For this dataset UMAP is a little bit of an overkill, the PCA plots show the 
relationships between the cells quite well. PC1 separates cells based on 
technology, and PC2 separates cells based on the cell line (clusters). From the 
PCA plots we can see that 10x is quite different to CelSeq and DropSeq, and the 
H2228 cell line is quite different to the remaining 2 cell lines.

# Test for differences in cell line proportions in the three technologies

In order to demonstrate `propeller` I will assume that the cell line information
corresponds to clusters and all the analysis steps have beeen performed. Here we
are interested in testing whether there are compositional differences between 
the three technologies: 10x, CelSeq and DropSeq. Since there are more than 2 
groups, `propeller` will perform an ANOVA to determine whether there is a 
significant shift in the cell type proportions between these three groups.
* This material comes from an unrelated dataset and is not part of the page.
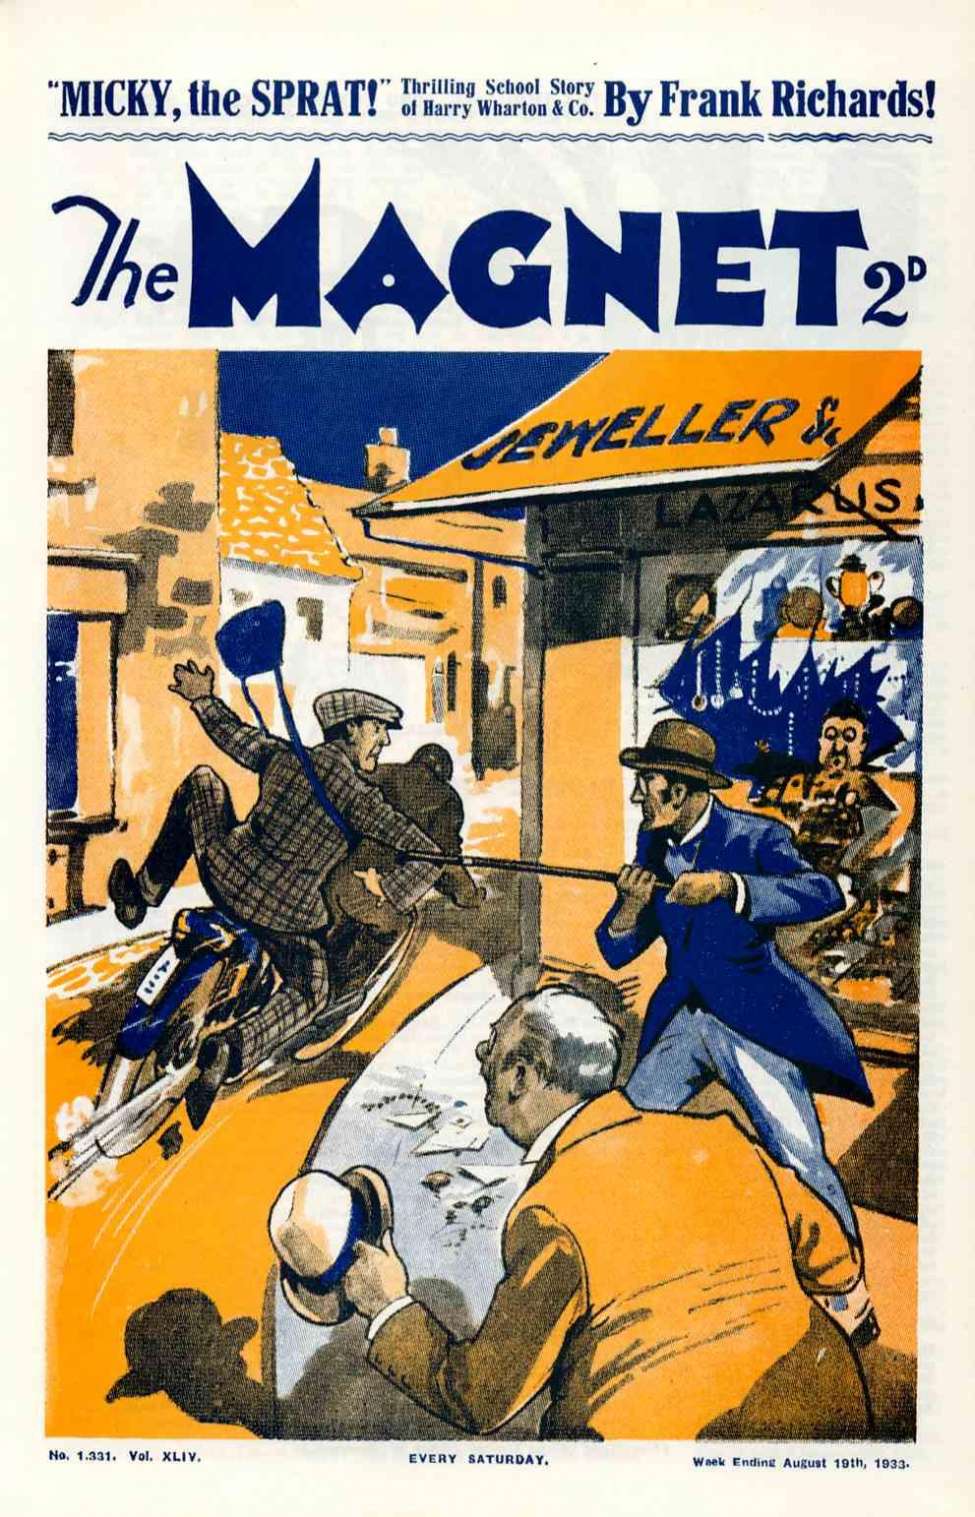 Book Cover For The Magnet 1331 - Micky, the Sprat!

The `propeller` function can take a `SingleCellExperiment` object or `Seurat` 
object as input and extract the three necessary pieces of information from the 
cell information stored in `colData`. The three essential pieces of information 
are

* cluster
* sample
* group

If these arguments are not explicitly passed to the `propeller` function, then 
these are extracted from the `SingleCellExperiment` or `Seurat` object. Upper 
or lower case is acceptable, but 
the variables need to be named exactly as stated in the list above. For a 
`Seurat` object, the cluster information is extracted from `Idents(x)`.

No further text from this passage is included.